Cube Root of -64: Finding the Solution

In the realm of mathematics, understanding the concept of roots is crucial. While we often encounter square roots, cube roots are equally important, especially when dealing with volumes and three-dimensional objects.

What is a Cube Root?

A cube root of a number is a value that, when multiplied by itself three times, results in the original number. In simpler terms, it's the inverse operation of cubing a number.

For example, the cube root of 8 is 2, because 2 x 2 x 2 = 8.

Finding the Cube Root of -64

To find the cube root of -64, we need to determine the number that, when multiplied by itself three times, equals -64.
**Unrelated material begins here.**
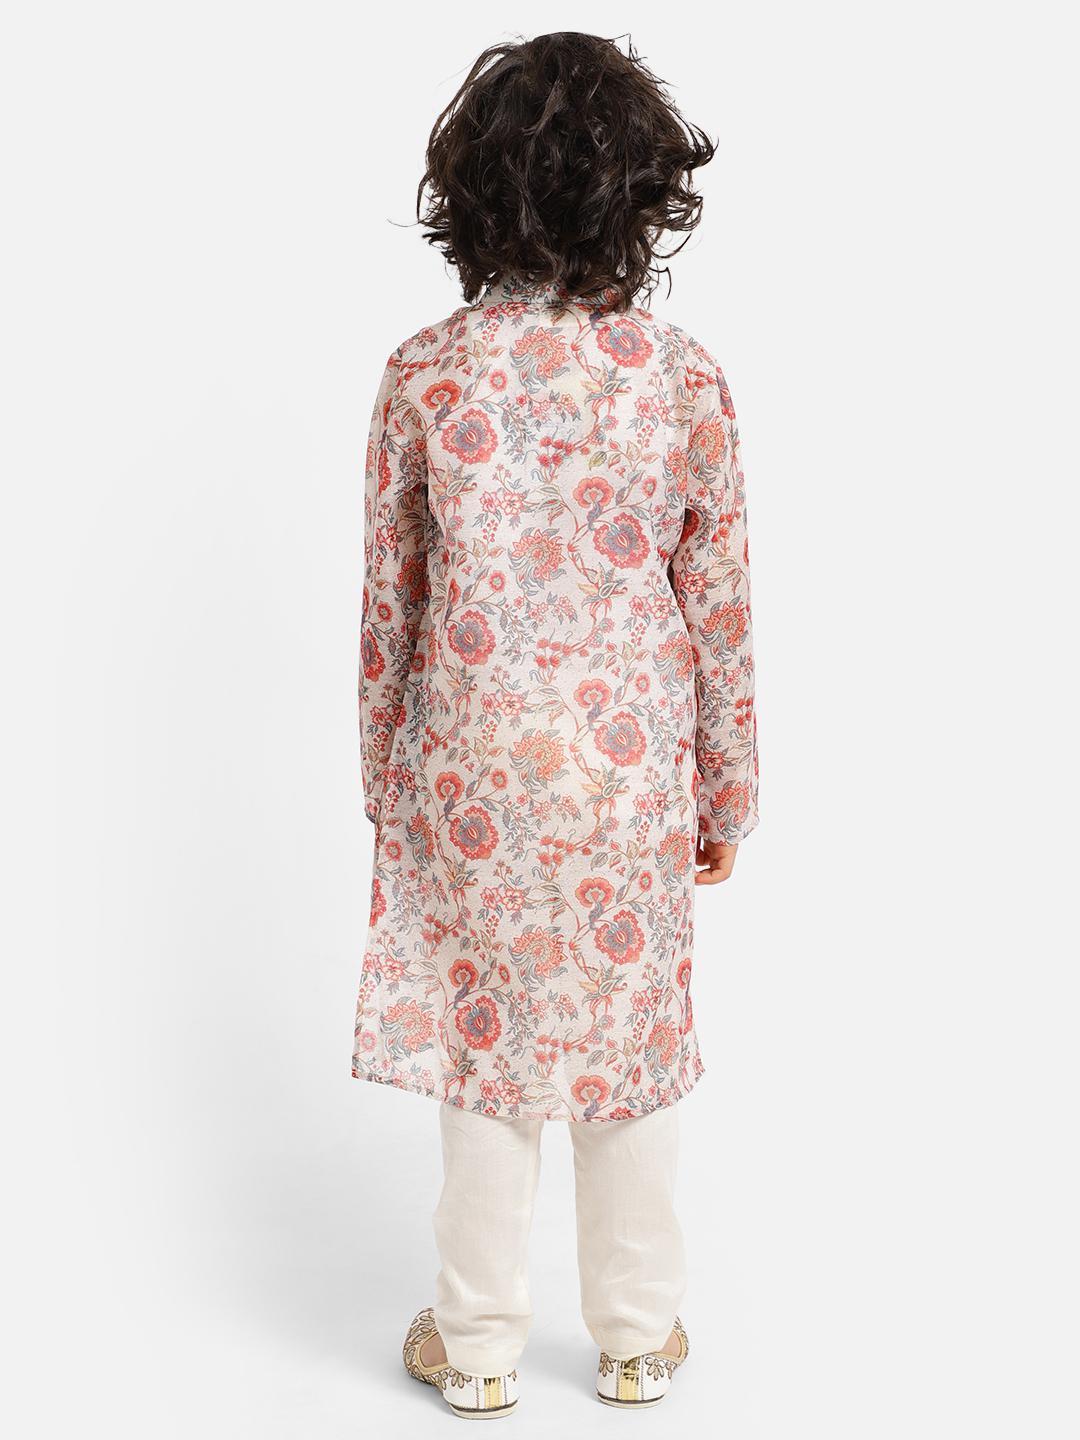 off-white-kurta-pajama-set-enhanced-with-floral-print-10520072WH, Indian Kids Clothing, Satin Boy Kurta Pajama Set

Here's how we can find the solution:

  • **Think about the factors of -64:** -64 is a negative number, so the cube root will also be negative. The prime factorization of -64 is -1 x 2 x 2 x 2 x 2 x 2 x 2.
  • **Group the factors:** We can group the factors into three sets of -2: (-2) x (-2) x (-2) = -8
  • **Calculate the cube root:** Since (-2) x (-2) x (-2) = -64, the cube root of -64 is -4.

Key Points

  • The cube root of a negative number is always negative.
  • The cube root of a positive number is always positive.
  • Cube roots can be found using prime factorization and grouping factors.

Examples

Here are some additional examples:

  • The cube root of 27 is 3, because 3 x 3 x 3 = 27.
  • The cube root of -125 is -5, because (-5) x (-5) x (-5) = -125.

Conclusion

Understanding cube roots is essential for various mathematical concepts and applications, especially when dealing with volumes and three-dimensional geometry. By applying the principles of prime factorization and grouping factors, we can efficiently determine the cube root of any number.